Era Uma Vez Eu, Verônica (Marcelo Gomes, 2012)

A profissão, o sexo e a vida

Por Ivan Amaral*


Marcelo Gomes, diretor de Cinema, Aspirinas e Urubus e Viajo porque preciso, volto porque te amo (este último dirigido em parceria com Karim Ainouz), volta às telas com uma personagem à procura da maturidade. Hermila Guedes interpreta Verônica, uma médica em formação que começa a clinicar ao mesmo tempo em que cuida do pai, doente do coração, que mora com ela. A vida da personagem começa e termina sempre no presente, no momento em que Verônica decide ser ela mesma. Em busca de uma verdade interior, a personagem de Marcelo Gomes, que também assina o roteiro, observa o mundo à sua volta e se pergunta como é ser feliz. Esta premissa, que parece simples, desenreda um caminho complexo que permite um diálogo com o fluxo de consciência da protagonista. Verônica caminha em um terreno dividido, onde a maturidade ora está na profissão e no relacionamento amoroso com compromisso (a moral de seu pai), ora no sexo sem compromisso e na dúvida quanto à carreira médica.

A primeira cena do filme nos mostra Verônica transando com quatro amigos, mulheres e homens, na praia. Um deles é Gustavo, interpretado por João Miguel, com quem ela também assume um relacionamento a dois. Esta relação é uma questão entre eles e o pai de Verônica, que não sabe das aventuras sexuais da filha. Verônica chega a dizer ao pai que quer se casar com Gustavo, mas desmente depois. O pai, no entanto, não gostaria de ter Gustavo como genro, ele quer apenas que a filha tenha uma profissão e que seja feliz.

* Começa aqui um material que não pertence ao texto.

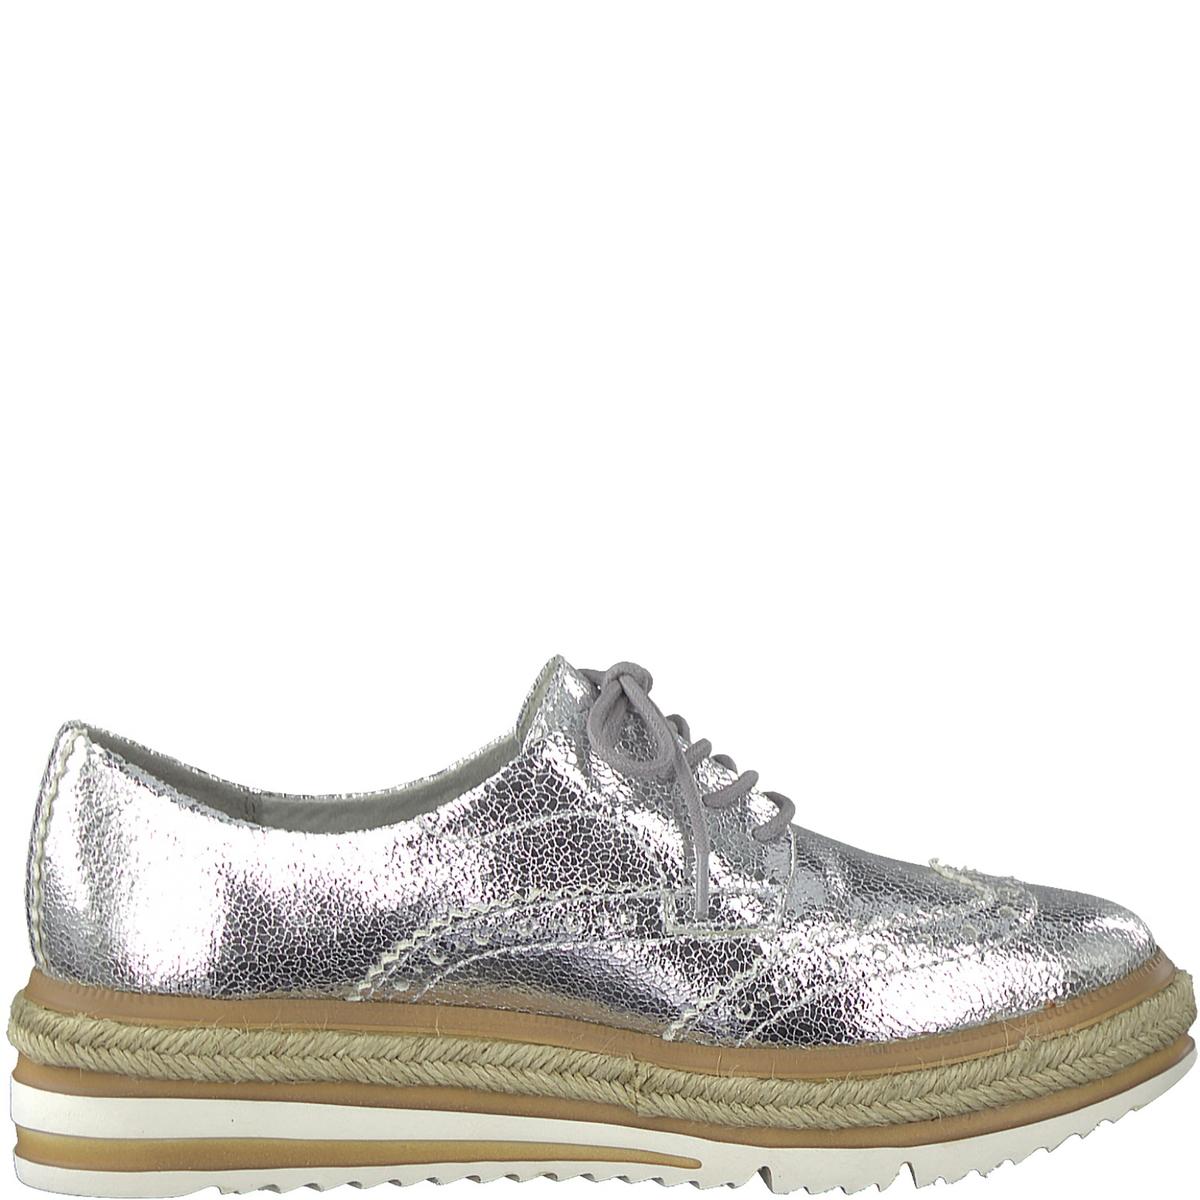 Ботинки-дерби Lepta ботинки дерби под кожу питона

A autoridade, como a representada no campo familiar, é experimentada pela primeira vez por Verônica quando começa a clinicar. Ela se depara com os mais diversos pacientes, mas não consegue, em um primeiro momento, se comportar como médica. A ausência de autoridade a leva a ser condescendente com a vontade de seus pacientes, o que faz com que Verônica tenha a simpatia deles, mas não a da direção do hospital. Mesmo após uma conversa na qual sua autoridade é demandada, ela continua a satisfazê-los.

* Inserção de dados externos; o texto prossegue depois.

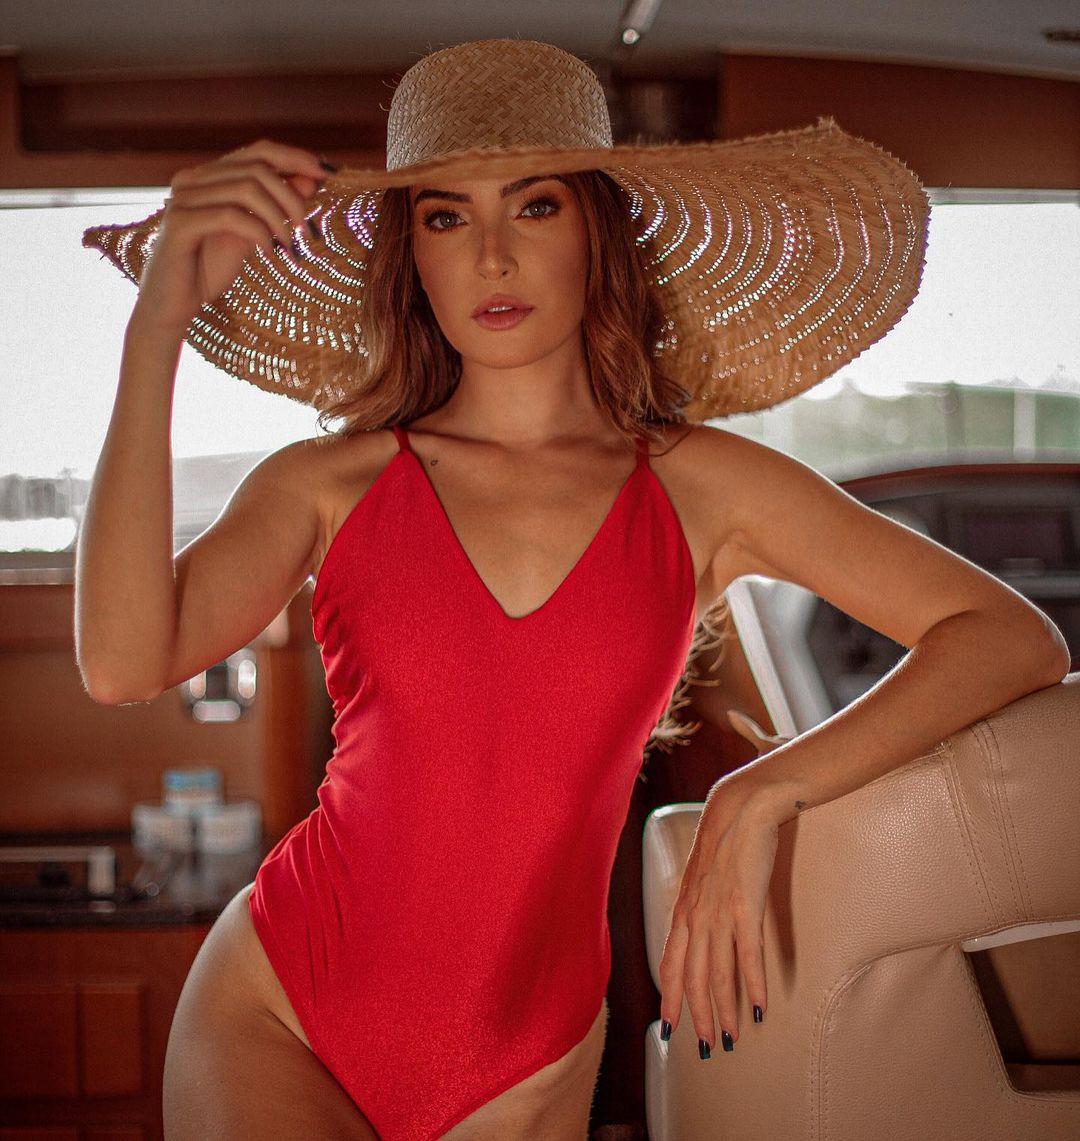 anne karoline lisboa, miss simpatia de miss brasil mundo 2019. 13264912

Após uma festa à noite e a tentativa de uma transa com um rapaz desconhecido após embebedar-se, Verônica é mostrada no hospital, onde recebe um paciente que não quer se sentar e que exige um exame do coração. Após tentativas frustradas de ordenar que ele se sentasse, ela começa a cantar a canção que havia escutado na festa da noite anterior: “está tudo padronizado em nosso coração”. O homem então se senta e a consulta começa. Essa cena torna-se essencial para compreender Verônica e a intenção do diretor. Mais do que assumir a autoridade como médica a protagonista quer ser ela mesma em todos os momentos, a autora de sua própria vida, extravasando uma sinceridade que, ao enfrentar os desafios da profissão, busca uma relação mais rica e humana.

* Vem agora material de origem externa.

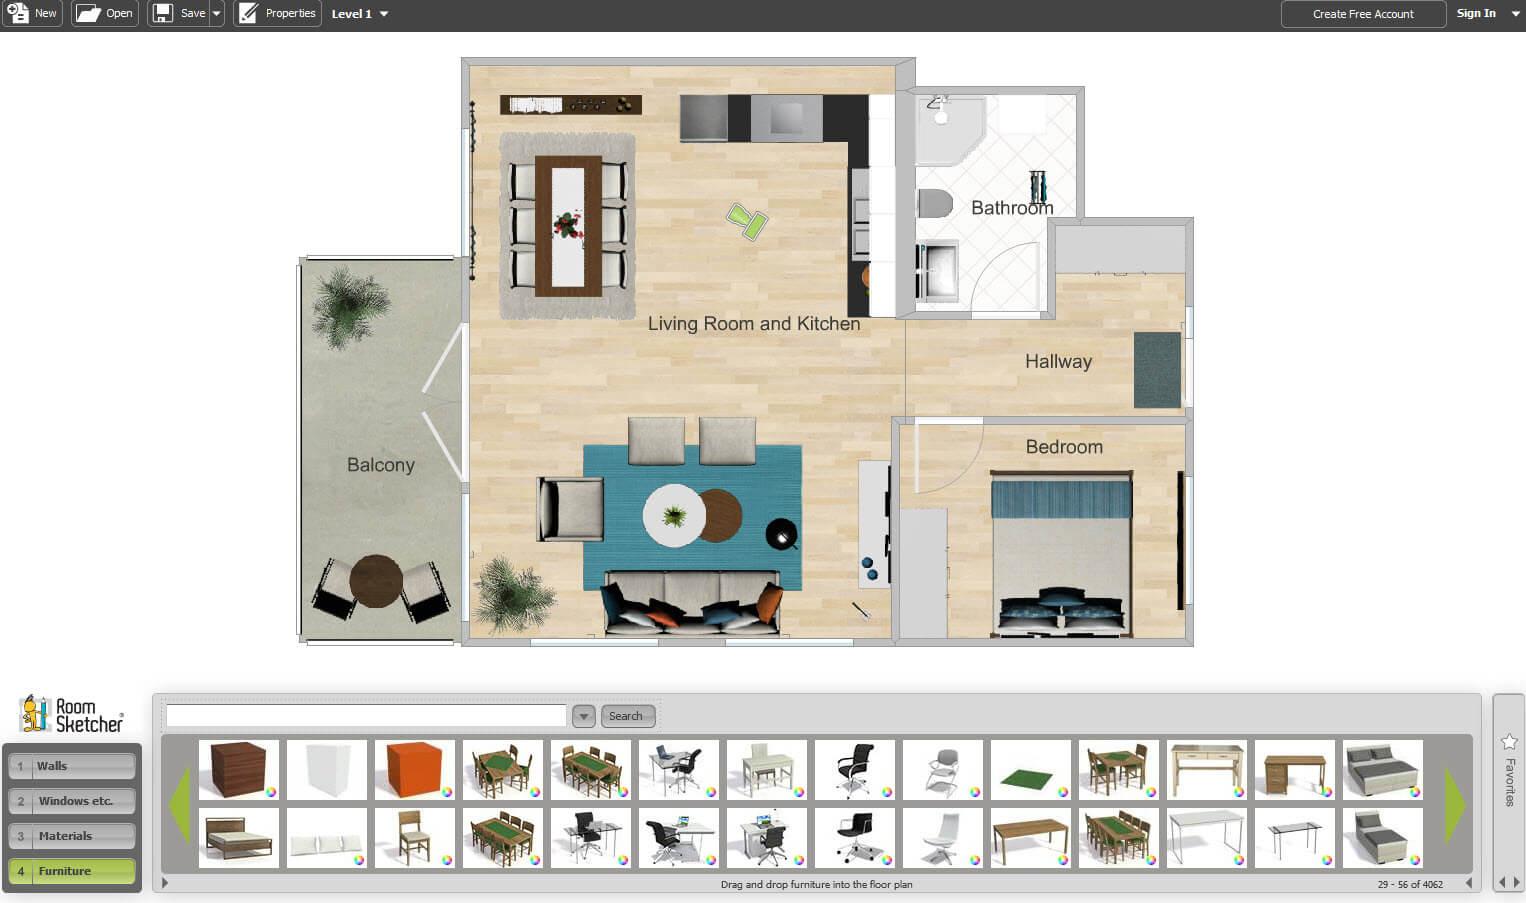 Room Sketcher creates house plans online

A procura de Verônica, portanto, está além da profissão e do sexo. Estes, os dois pilares de sua vida, se organizam e se desorganizam em uma quase melancólica saída para o projeto do próprio mundo que está criando. A autoridade é apresentada como uma instância que paira sobre nós e que não é percebida de imediato, pois é preciso um fluxo de acasos para se perceber a liberdade de Verônica. Ela, no entanto, não se contradiz quando nos fala em voz over que está mais inclinada para o sexo do que para o relacionamento amoroso, a sua liberação sexual já aconteceu. Este parece ser o marco essencial de sua vida.

A voz over de Verônica, presente do início ao fim do filme, assume o papel de um narrador presente como um protagonista observador do mundo. Os comentários de Verônica traduzem sempre a sua experiência de vida do momento presente, apresentando um movimento no qual o espectador se relaciona com o olhar crítico que ela tem sobre si mesma em relação ao ambiente que a circunda. Essa instância narrativa, elaborada, portanto, não apenas como um simples diário íntimo, acaba por determinar a protagonista como “cúmplice” de si mesma e, principalmente, de sua vida sexual. Quando o filme termina, a última cena repete a primeira, Verônica transa com vários amigos e amigas na praia, e boia na superfície da água do mar. Neste momento não há voz over, apenas a trilha sonora que compreende uma espécie de “silêncio”, em busca da identidade de Verônica, o espectador pode reconhecer, com ou sem julgamento, que suas ações conformam uma expectativa de liberação, tanto a do indivíduo quanto a da própria sociedade. Ao final, a única certeza que podemos ter sobre Verônica é que ela, assim como todos nós, precisa se perguntar: “quem sou eu”?

*Ivan Amaral é graduado em Audiovisual no Senac.